[2010年7月22日(VOL.43 NO.29) p.50]
妊娠中のストレスが出生児の喘息リスクを上昇
〔ボストン〕 妊娠中は,母子ともにストレスの影響を受けやすいが,Brigham and Women's病院(BWH)チャニング研究所内科のRosalind J. Wright助教授とハーバード大学(ともにボストン)の研究者らは,妊娠中のストレスが出生児の喘息リスクを高める可能性があるとAmerican Journal of Respiratory and Critical Care Medicine(2010; 182: 25-33)に発表した。
サイトカインのパターンに影響
筆頭研究者のWright助教授によると,以前の研究では妊娠中の母親のストレスが胎児の免疫系の発達に影響する可能性が示唆されていた。
今回の研究では,ストレスの多い環境下にいる母親から生まれた乳児と,ストレスの低い母親から生まれた乳児の臍帯血中の免疫機能マーカーが比較検討された。

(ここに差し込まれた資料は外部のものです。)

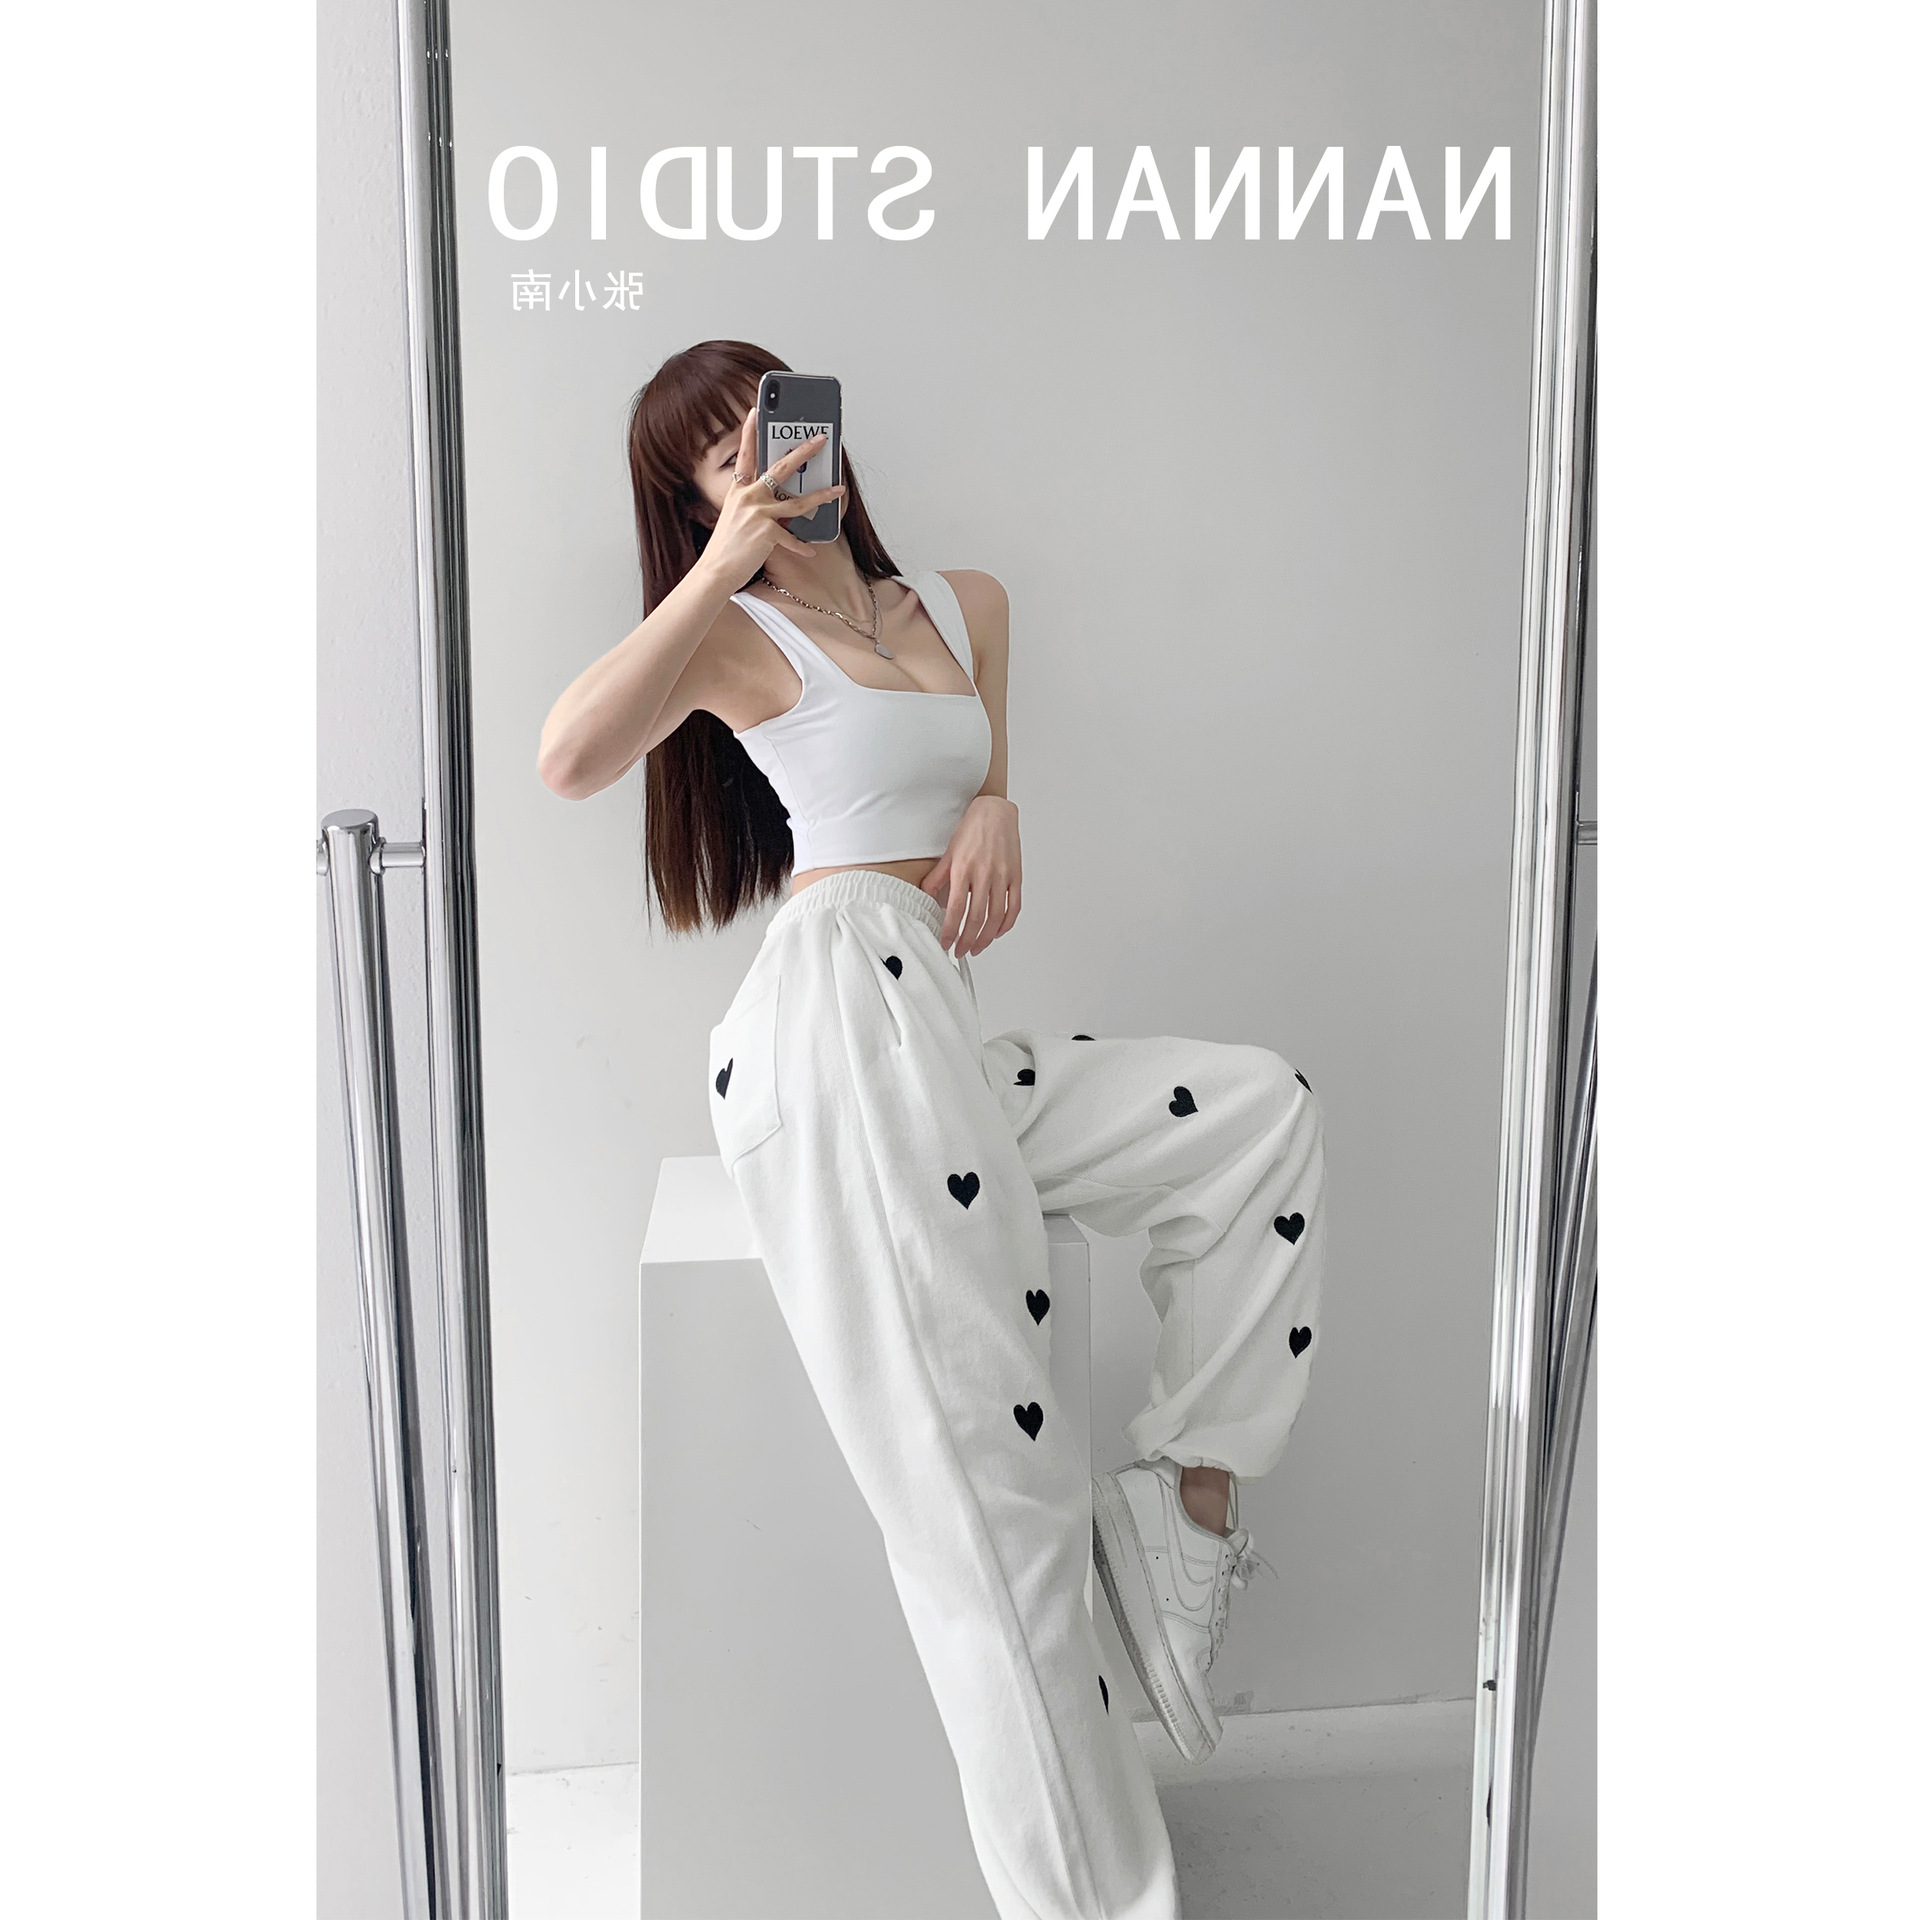 2021 thin hot girl street style printed love sweatpants women's thin high waist elastic waist panties casual loose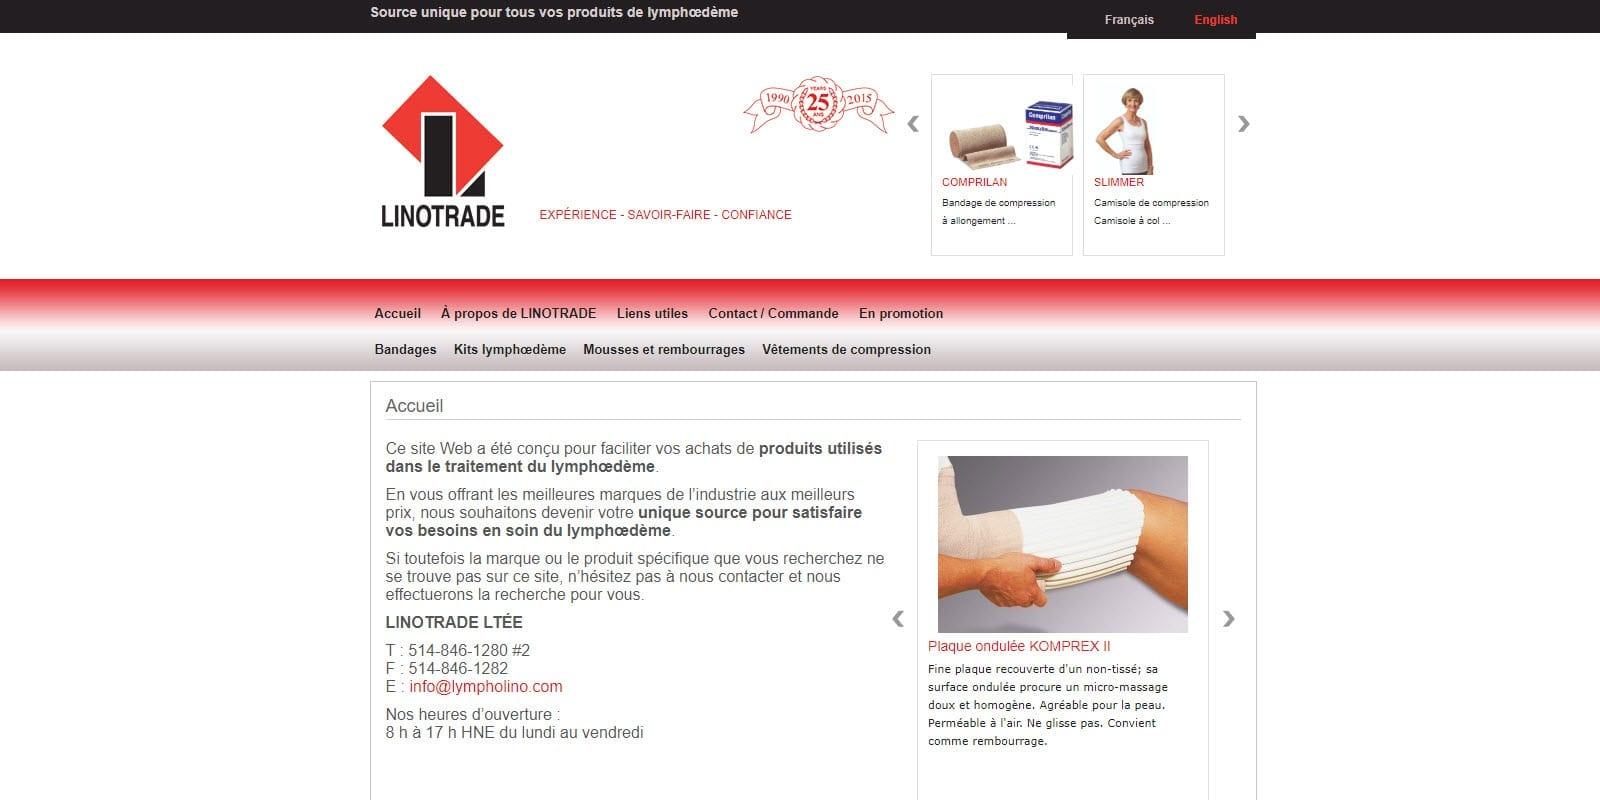 lympholino.com

被験者は,都市部在住の妊婦で,ほとんどが少数民族であった。そのうち20%が法定貧困レベルを下回っており,父親ないし妊娠中の母親に喘息またはアレルギーの既往歴があった。家庭(家庭内暴力を含む),地域(コミュニティーの暴力)での生活におけるさまざまなストレス因子について詳細に質問し,557家族から回答が得られた。
同助教授らは,出産時に採取した臍帯血から免疫細胞を分離して,多数の因子(粉塵,ゴキブリなどアレルギー源,ウイルス性および細菌性刺激物質)で刺激し,さまざまなサイトカインの産生を分析した。これは,環境に対して乳児の免疫がどのように反応するかの指標となる。
その結果,所定の刺激物質に対するサイトカインの放出パターンは,母親のストレスレベル(自己報告)によって異なることが示唆された。
同助教授は「ストレスの高い母親の胎盤で認められたサイトカインの産生パターンにより,出生児の免疫機能が確認できるが,胎児が成長すれば,喘息とアレルギーの発症リスクのマーカーとなるかもしれない」と説明している。
同助教授は今回の知見について「母親の心理的ストレスが児の免疫反応プログラミングに関与していることと,この影響が妊娠中から始まっていることを示唆している。今回検討した乳児が成長すれば,これらの因子が喘息とアレルギー発症にどのように関与しているか確認することができるだろう」と述べている。
今回の研究は米国立アレルギー・感染症研究所(NIAID)から助成を受けており,乳児が成長し,母親のストレスレベルが実際に喘息の発症に影響を及ぼすか否かを確認するまで続けられる。